It is not, in my view, an adequate justification for the award on the basis of a three-month period to argue, as counsel for the respondent did, that the vehicle was not available to the respondent for the two years and three-month period between the date of seizure and the date of judgment, and that the appellant should in effect be grateful that only three months were allowed. For the three-month period chosen requires to be justified. And it is evident that the respondent could have had his vehicle back before then if he had taken steps to mitigate his losses instead of electing by his action in conversion to claim the value of the vehicle.
[p.43] of [1972] 2 GLR 39 The point is that, as Professor Street puts it (summarising the principle in Sachs v. Miklos [1948] 1 All E.R. 67, C.A. at p. 55 of his book on The Law of Torts (4th ed.)), “Once a claim for conversion has accrued to the plaintiff it is not open to him to delay the issue of his writ and thereby base his action on a subsequent demand and refusal — the duty to mitigate damages operates.” Still adopting the language of Professor Street (at p. 57 of his book), “The effect as between the parties to a judgment for damages in conversion is to transfer the title in the goods to the defendant (Ellis v. Stenning (John) & Son [1932] 2 Ch. 81). It follows that the court will not award
damages for loss of use as well as the value of the chattel where the effect would be doubly to compensate the plaintiff: the capacity for profitable use is part of the value of the chattel. Thus where the defendant converted certain manufacturing plant of the plaintiff, he was liable for the value of the plant when converted but not for loss of use between that date and trial.” See Re Simms; Ex parte Trustees [1934] Ch. 7.
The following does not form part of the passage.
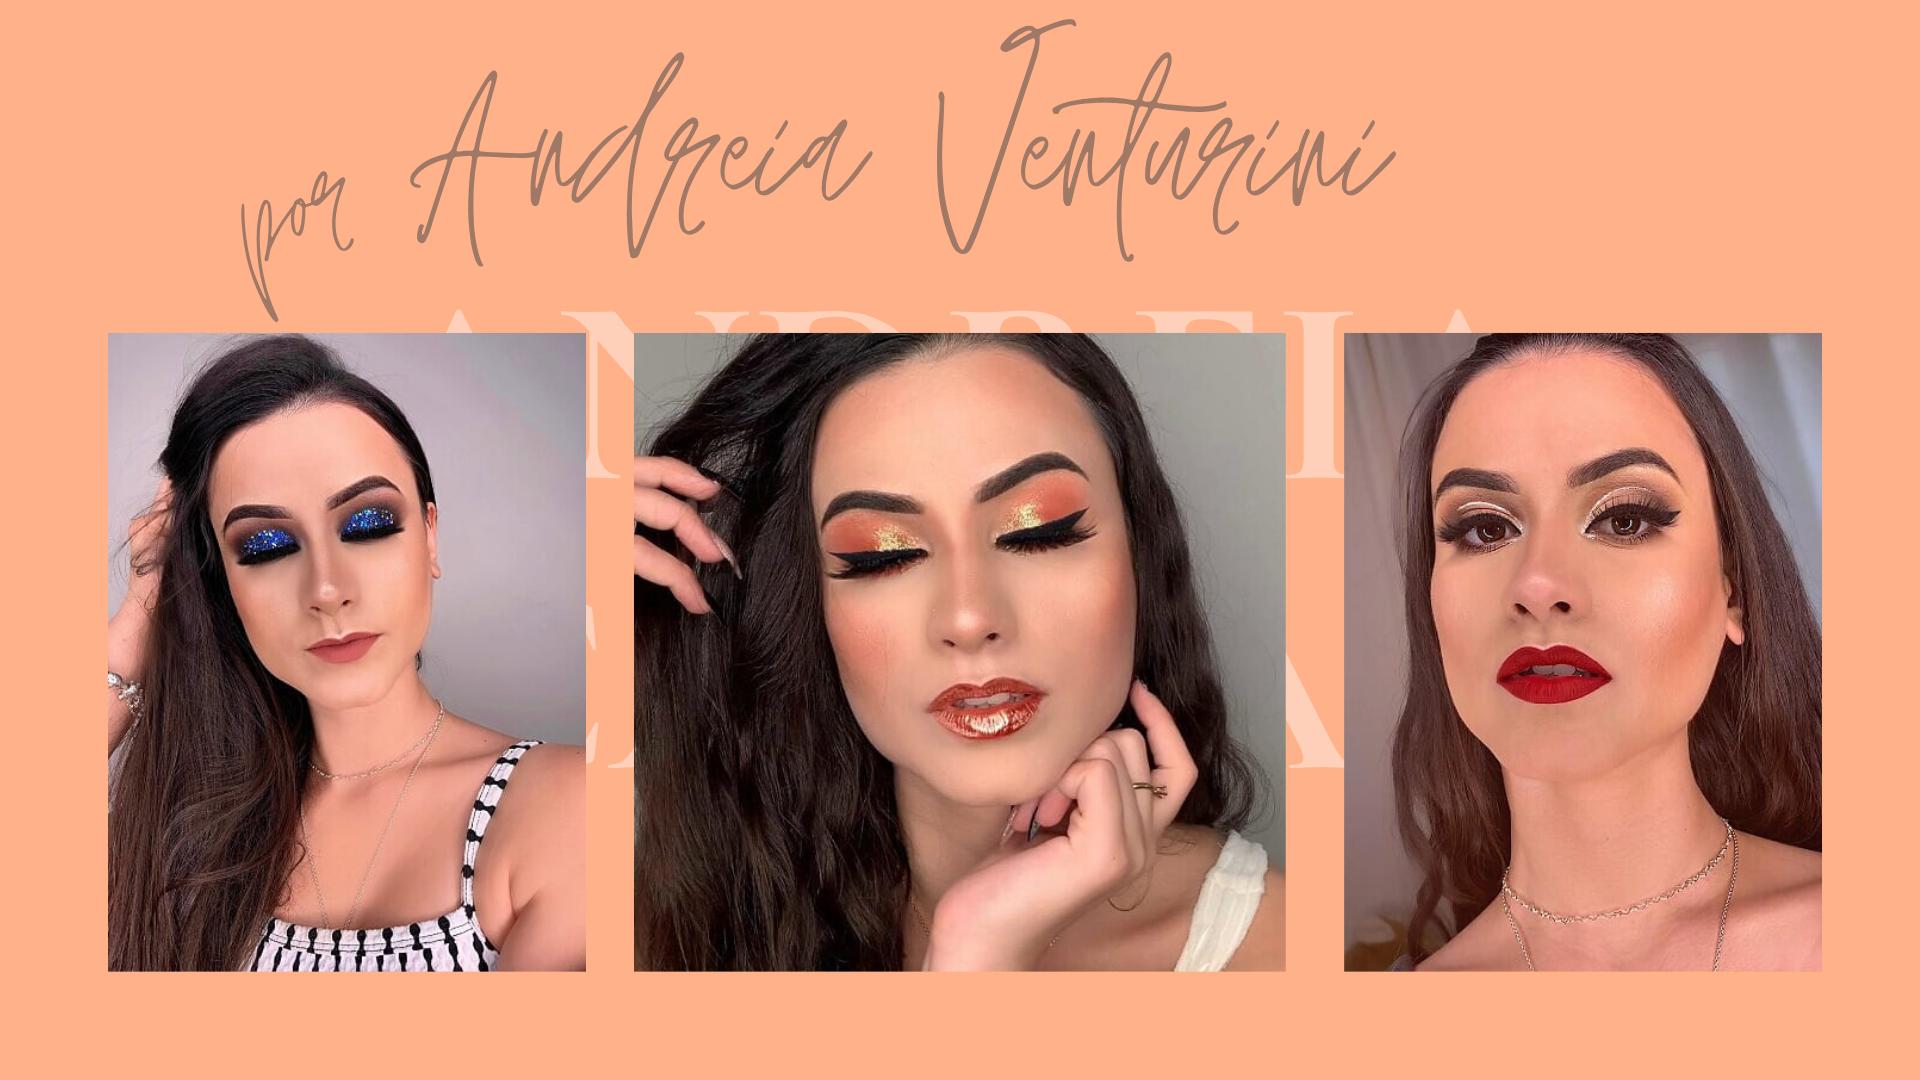 Curso Maquiagem na Web por Andreia Venturine
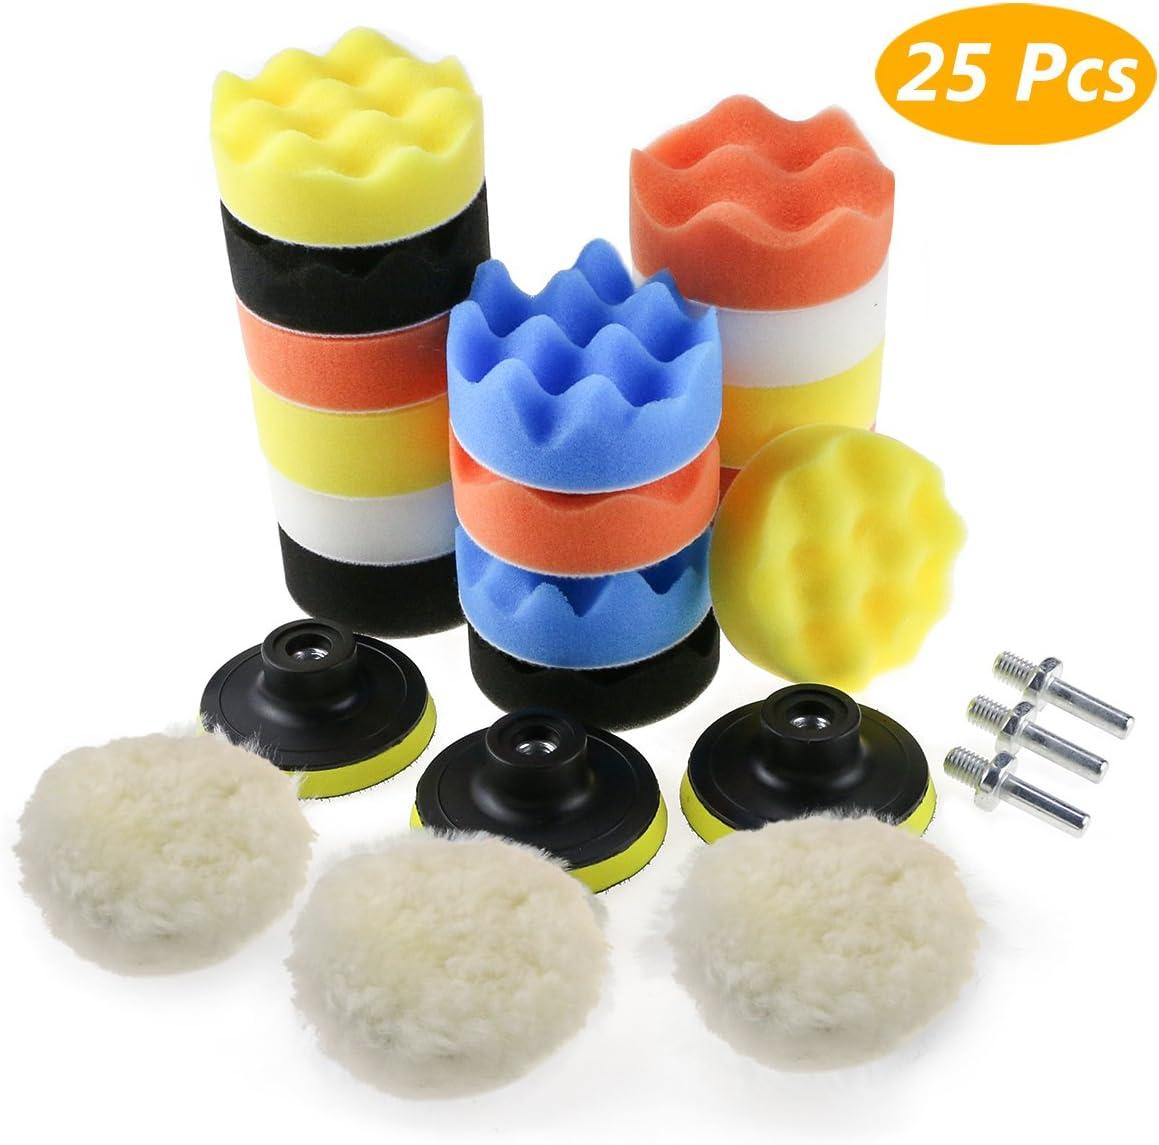 Zaeel Esponja pulido para coche, Kit de esponja pulir coche con adaptador de taladro y almohadillas de cera de lana, juego de almohadillas de pulido de 25 piezas para coche, pulidor y depilación

On legal grounds to be discussed later in this judgment it cannot, in my view, be disputed that the
respondent was entitled to some award for consequential loss of profits between the date of wrongful
seizure and a later date when he may be deemed liable for conversion of the vehicle. But the period used as the basis for this assessment cannot be arbitrary. The proper measurement of this period of
consequential loss depends importantly on the plaintiff’s obligation to take steps to mitigate his losses.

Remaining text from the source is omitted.